Silicon Valley is not a city. It's a suburb. Plaza after plaza, neighborhood after neighborhood, corporate park after corporate park. Every town has a so-called downtown, but compared to SF, those downtowns are basically just one block.

But geography is just the surface. The real difference is the gaze.

When you live in Silicon Valley, you can always feel someone watching you.

But honestly, those people aren't actually watching you. The truth of American life is that you spend more time alone than you think. The gaze you can feel — almost all the time — is yourself watching yourself.

It's just that the eyes you're watching yourself with were installed by the place you live. Once they're installed, you can't take them off. Even in an empty room, on an empty highway, at 2am with nobody around, those eyes are still open.

Silicon Valley installs a pair of eyes with very clear markings on them.

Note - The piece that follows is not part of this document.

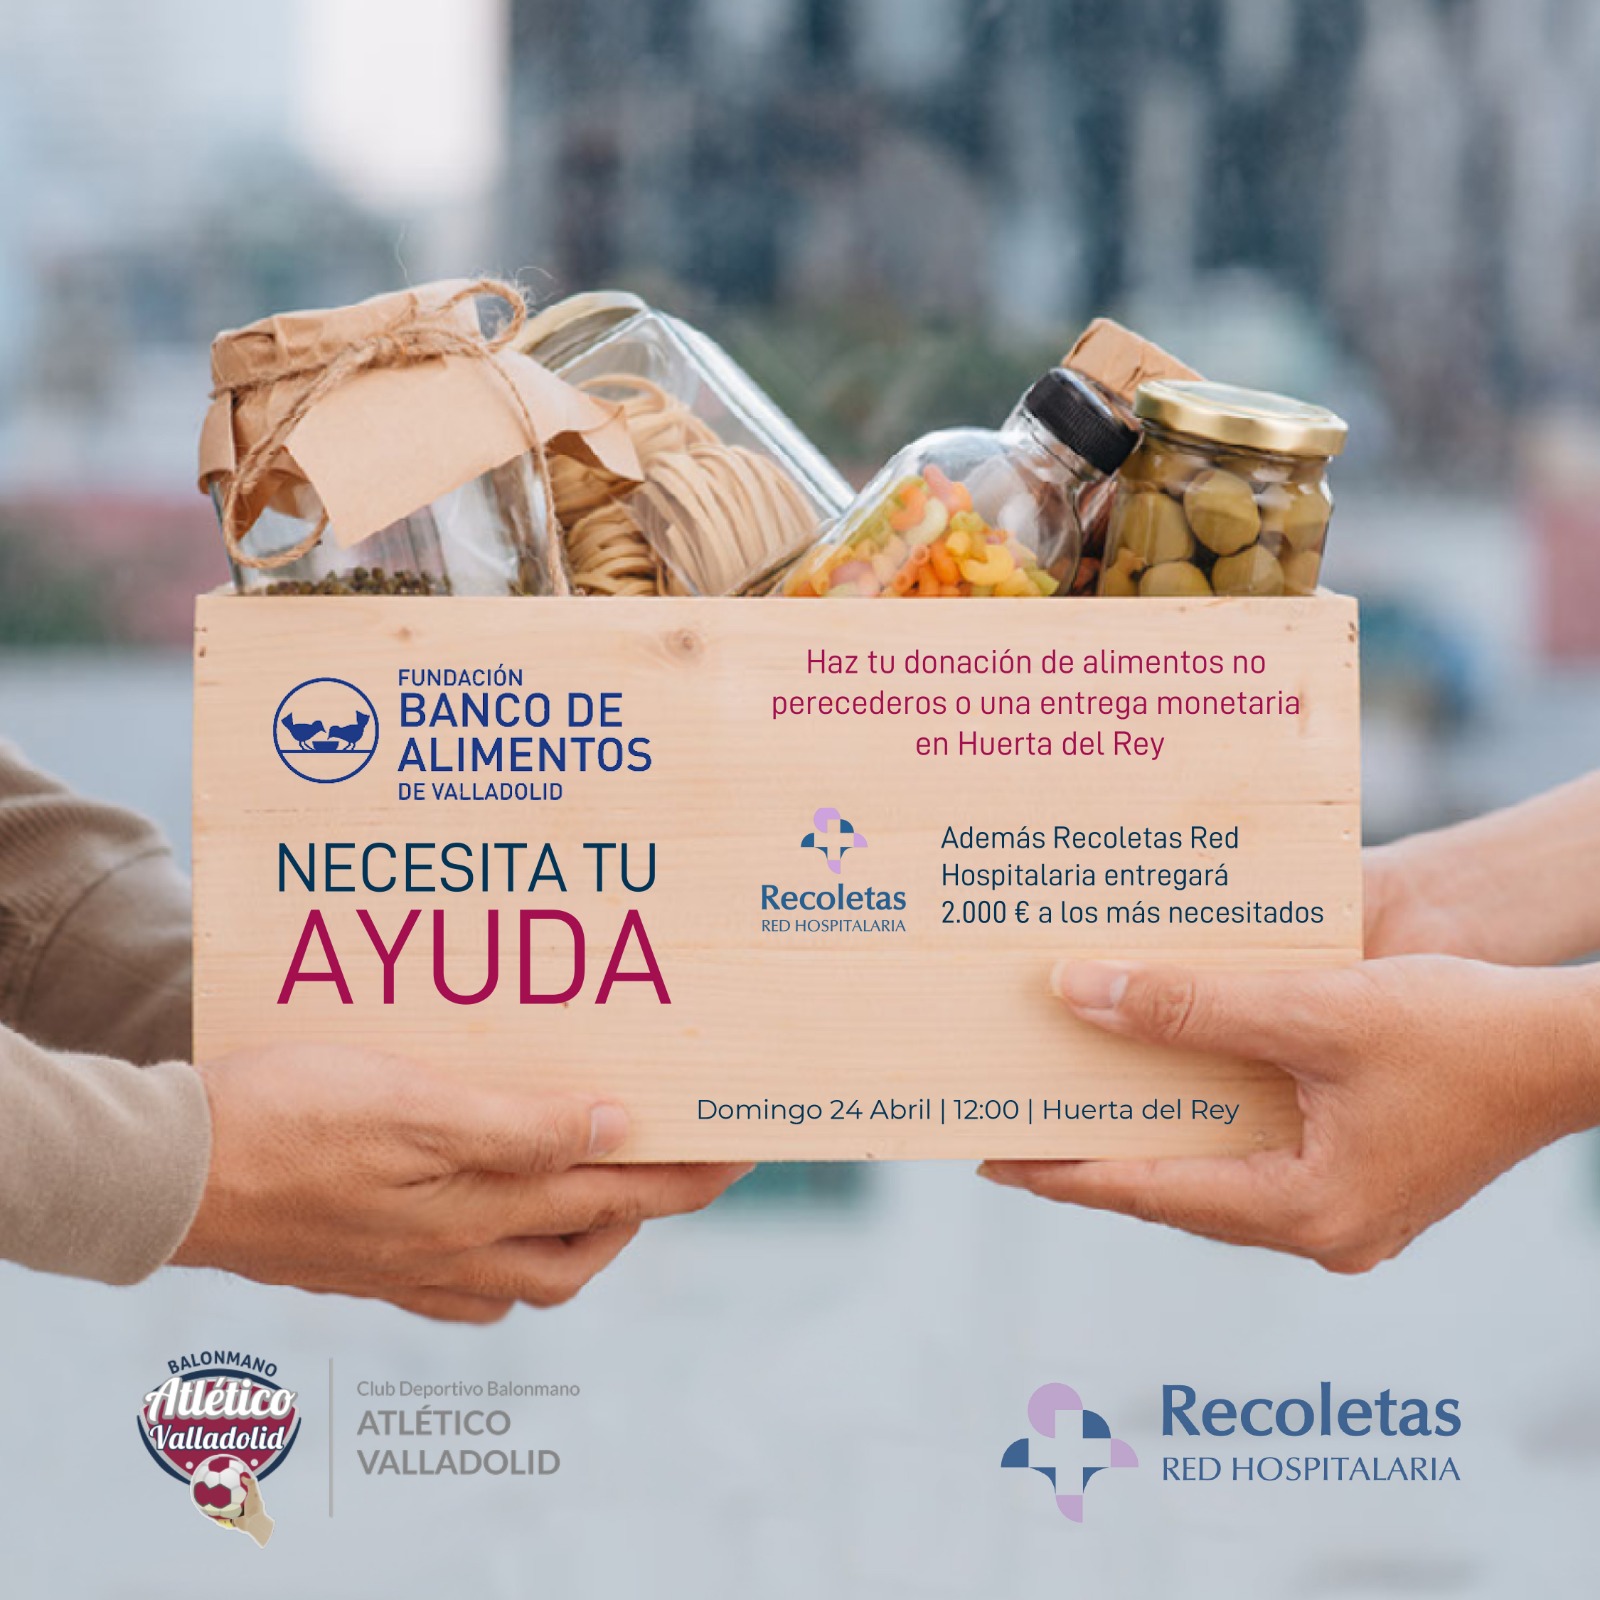 Recogida solidaria de alimentos en colaboración con Recoletas Red Hospitalaria y Fundación Banco de Alimentos

They keep asking you: did you get the promotion? What's your company's valuation? Which school district did your kid get into? These questions all have clear answers. You can answer them at any moment, and at any moment you know exactly where you stand.

These markings are double-edged. On one hand, they slowly grind you into the shape they measure. You end up becoming a person mostly defined by these numbers.

On the other hand, a person without any markings also has a hard time pushing anything to its limit. I know this take isn't popular, but I think it's correct.

Caring about whether those eyes are scoring you and caring about whether you've actually done a good job are the same internal structure. A person who genuinely doesn't care what anyone thinks usually doesn't write code with tests, doesn't ship a product polished enough for a thousand strangers to use, doesn't sustain a thirty-year career arc. Patience, rigor, finishing — these are qualities that come more naturally to people who have an audience. Even if the audience is only imagined.

Silicon Valley is Silicon Valley because those eyes have, over decades, produced the world's best engineers, the most ruthless product standards, the longest patience. They kill creativity. But they also feed excellence. It's the same thing turning into different things at different stages of your life. Invention needs those eyes closed. Building needs them open.

I think this is similar to what happens in Asia. Asia installs the same kind of eyes — invisible, internalized, always there. They eat freedom, but they also build the kind of order that lets generations live stable lives. It's not a question of good or bad. It's a question of whether you need them right now.

San Francisco has its own gaze too. I don't want to write SF as a city without a gaze, because it isn't.

But the eyes SF installs are different.

The Silicon Valley eyes ask you: do they see you?

The SF eyes ask you: do you see yourself?

The first question has an answer. The second one doesn't.

The answer to the first is on your paycheck, your LinkedIn, your kid's acceptance letter. The answer to the second is something only you can faintly feel at 3am, alone, and very often you can't feel it at all.

So SF isn't actually a lighter city. It just changes the direction of the work. It swaps the work of being seen for the work of seeing yourself. The first has KPIs. The second doesn't. The first you can perform. The second you can't. When you do the first one right, people clap. When you do the second one right, nobody knows.

A lot of people think moving to SF lets them escape the gaze. It doesn't. They just move from one gaze to another. And many of them quietly bring the SV ruler with them — they live an SF life but score themselves with an SV scorecard, and end up paying both costs.

That said, the SF gaze is genuinely thinner, because from the very beginning this city was a refuge for weird people. Gold rushers, missionaries, drifters, poets, coders, people who didn't want to get married, people who didn't want kids, people who didn't want to wear normal clothes, people who didn't want to do normal jobs. They all found their corner here.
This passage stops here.